Recently, I embarked on a journey to calculate humidity data from a myriad of sources. Throughout this process, I experimented with various methods, ranging from the saturation water vapour pressure using Teten's formula (with parameters according to Buck) to saturation over ice from Alduchov and Eskridge, and finally to Clausius-Clapeyron.

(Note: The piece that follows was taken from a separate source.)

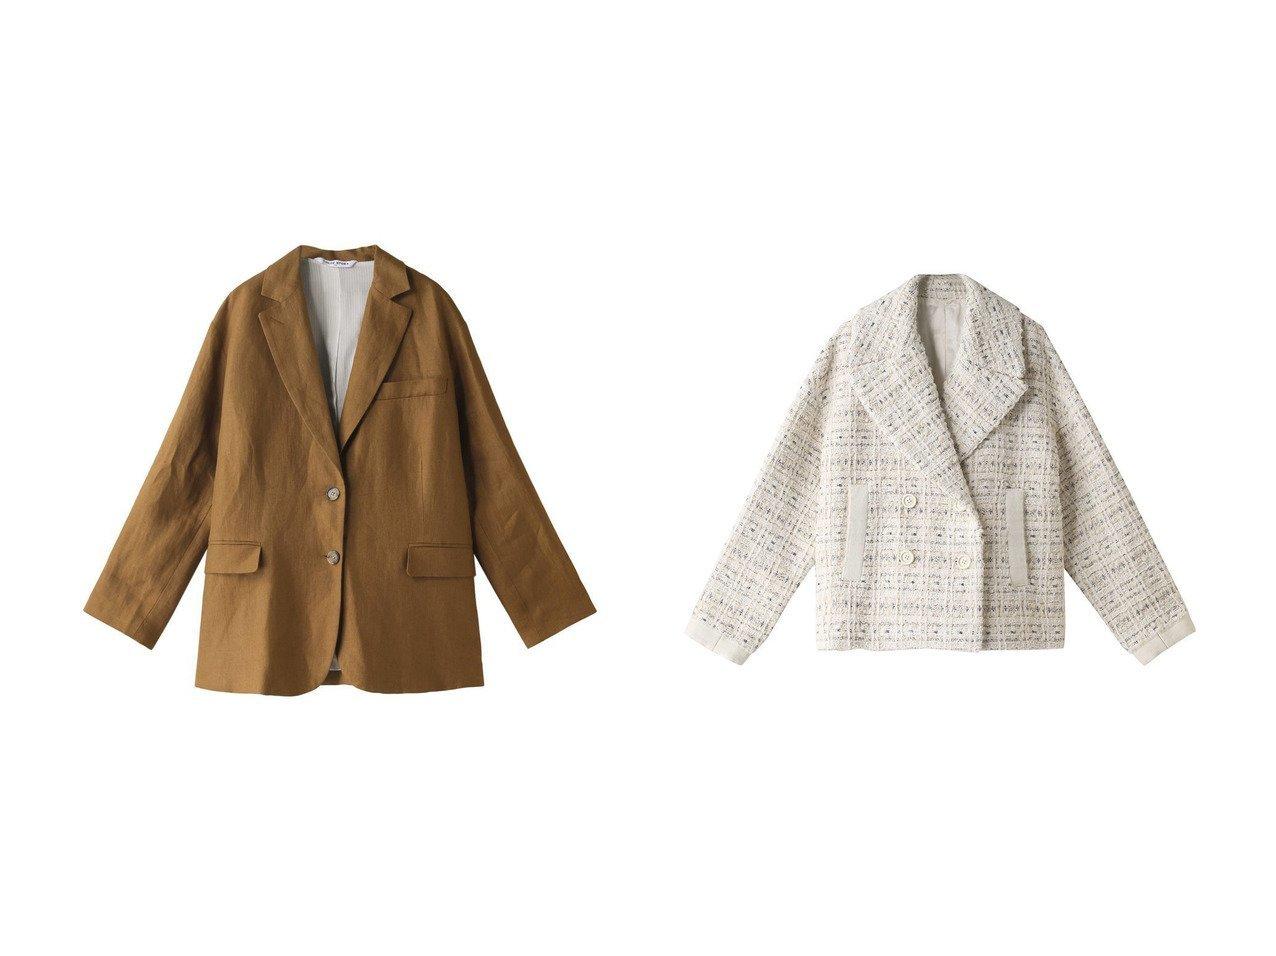 【heliopole/エリオポール】の【CHLOE STORA】テーラードジャケット&【ANAYI/アナイ】のホワイトラメツイードPコート 【アウター】おすすめ!人気、トレンド・レディースファッションの通販 おすすめで人気の流行・トレンド、ファッションの通販商品 インテリア・家具・メンズファッション・キッズファッション・レディースファッション・服の通販 founy(ファニー) https://founy.com/ ファッション Fashion レディースファッション WOMEN アウター Coat Outerwear ジャケット Jackets テーラードジャケット Tailored Jackets コート Coats Pコート Pea Coats シンプル ジャケット 今季 おすすめ Recommend ショート セットアップ ポケット 春 Spring  ID:crp329100000043345

For those in need of hourly humidity data spanning from 1 Jan 1950 to the present, there's good news! You can seamlessly extract this information from ERA5-Land Hourly data via Google Earth Engine (GEE). The Specific and Relative Humidity is meticulously calculated based on three core parameters: T2m (Temperature at 2 meters), Dew Point, and Surface Pressure.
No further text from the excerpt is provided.